__DATASET EXCERPT__:
^^^^^^^^

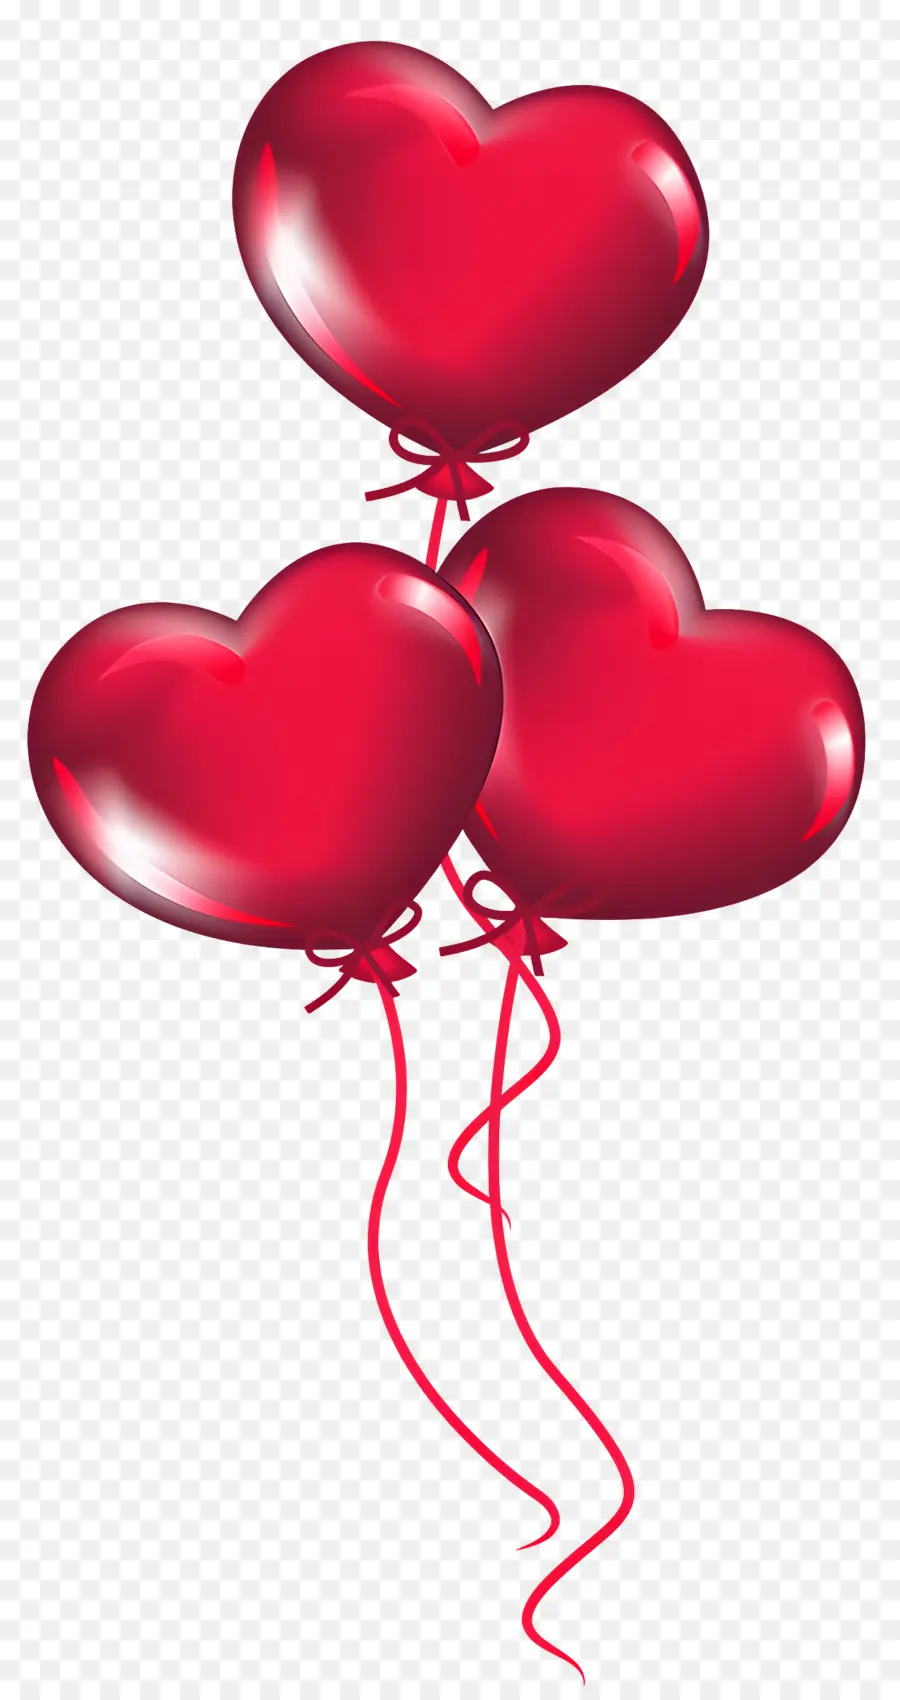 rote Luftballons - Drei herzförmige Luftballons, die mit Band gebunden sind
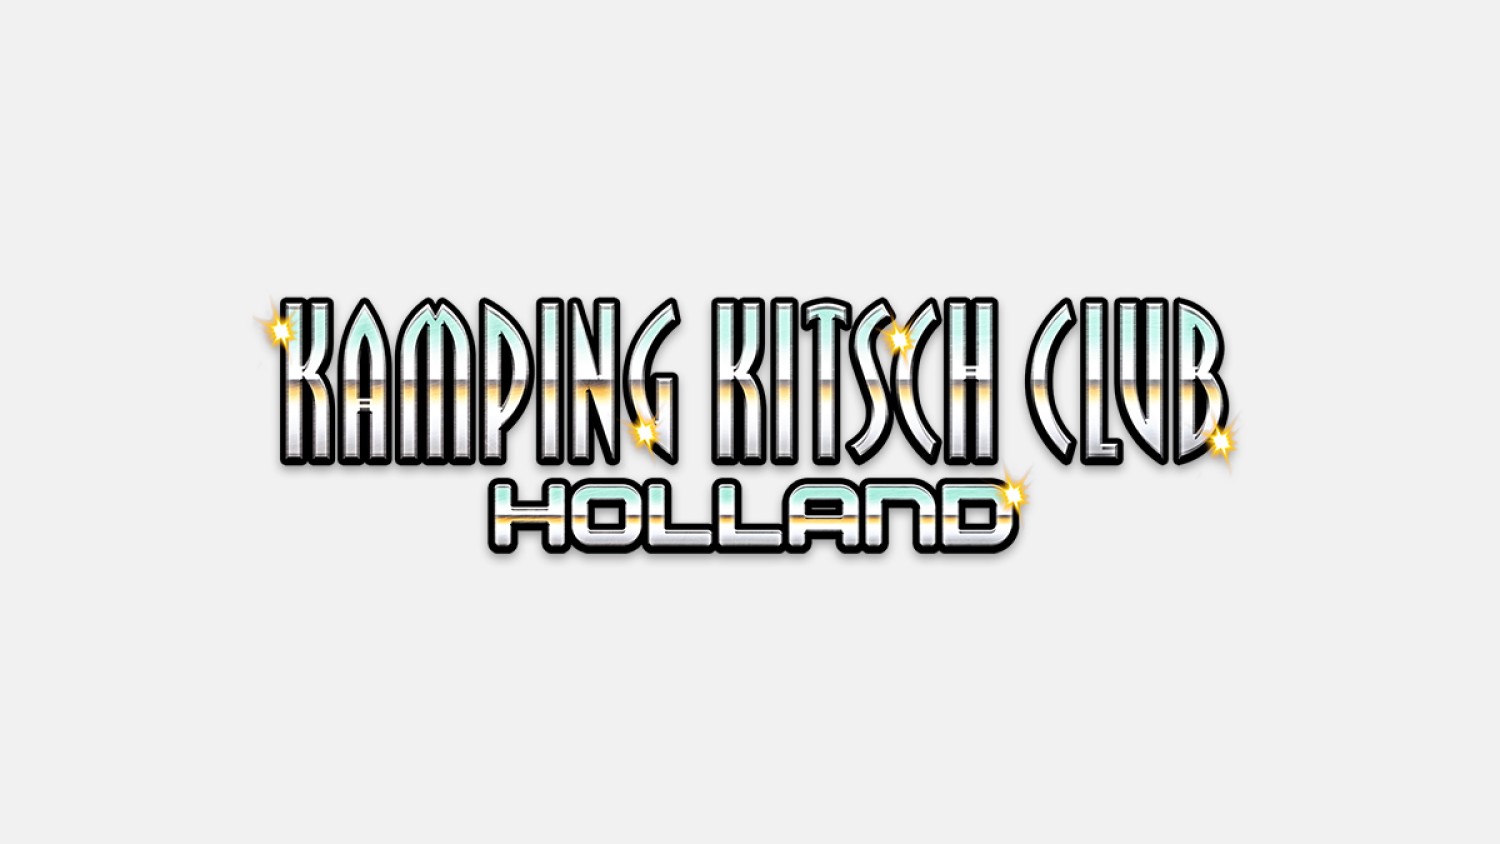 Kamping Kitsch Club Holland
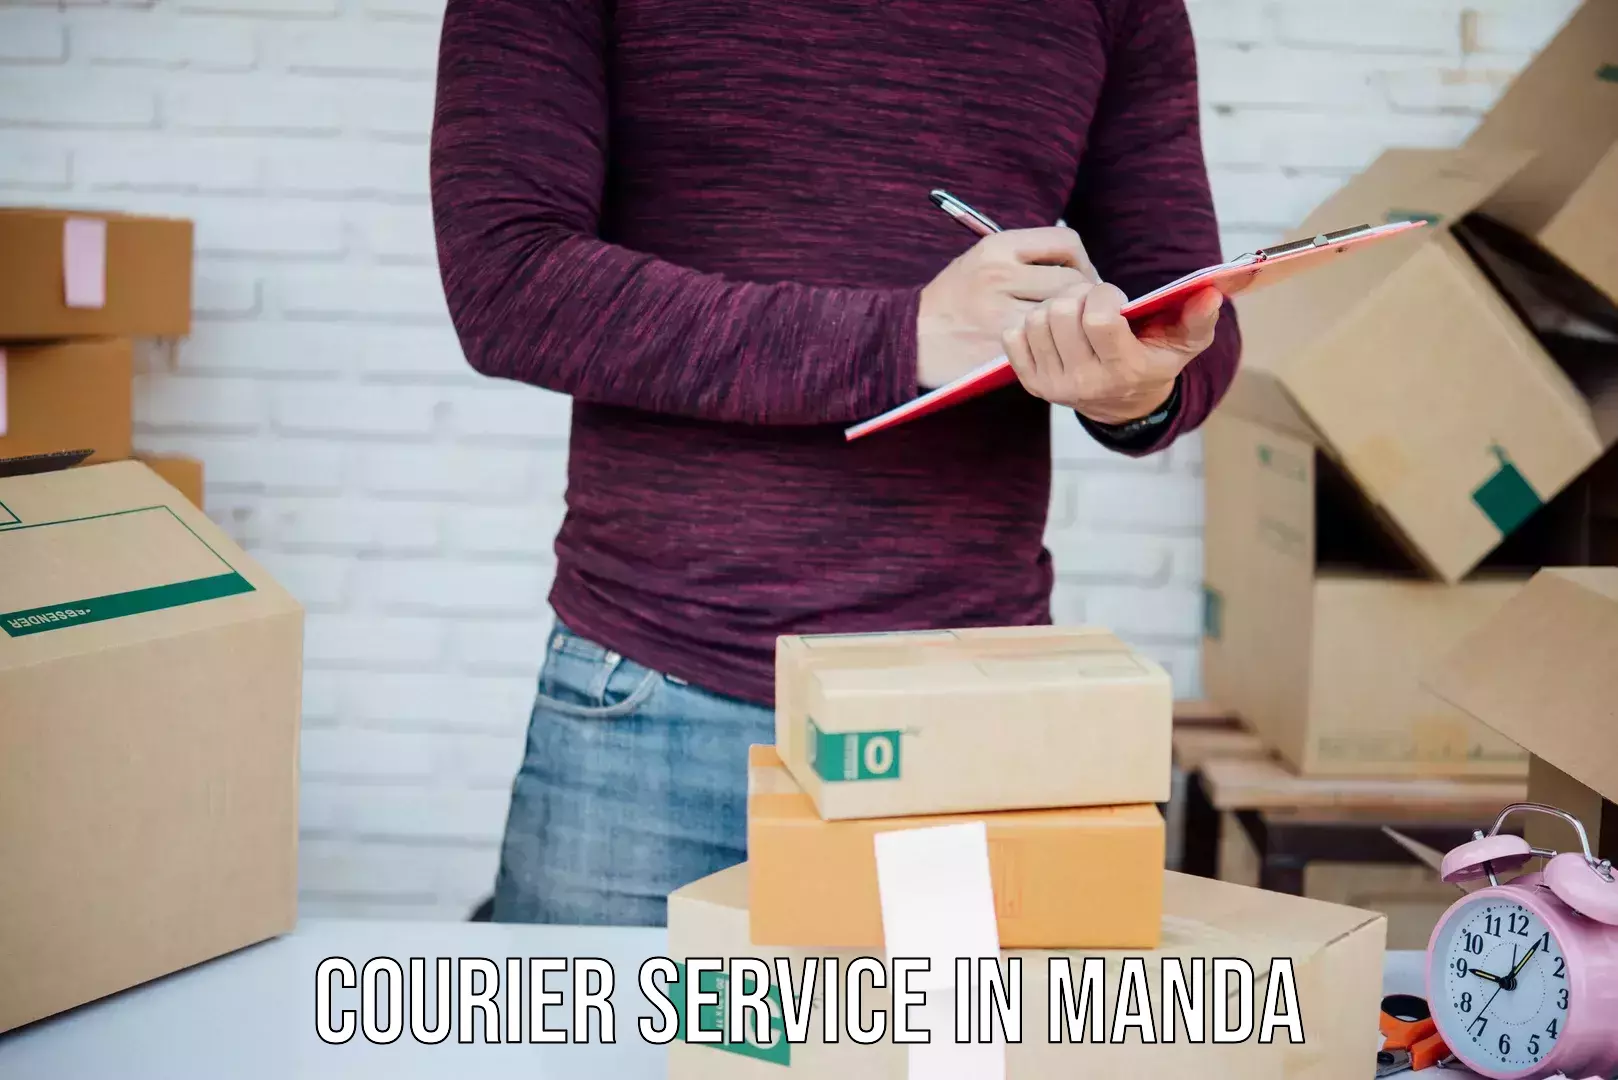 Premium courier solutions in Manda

^^^^^^^^

None of the pictures belong in the copy; transcribe the rest of the data exactly.

__OUTPUT OF THE EXERCISE__:
 rote Luftballons - Drei herzförmige Luftballons, die mit Band gebunden sind
 Kamping Kitsch Club Holland
 Premium courier solutions in Manda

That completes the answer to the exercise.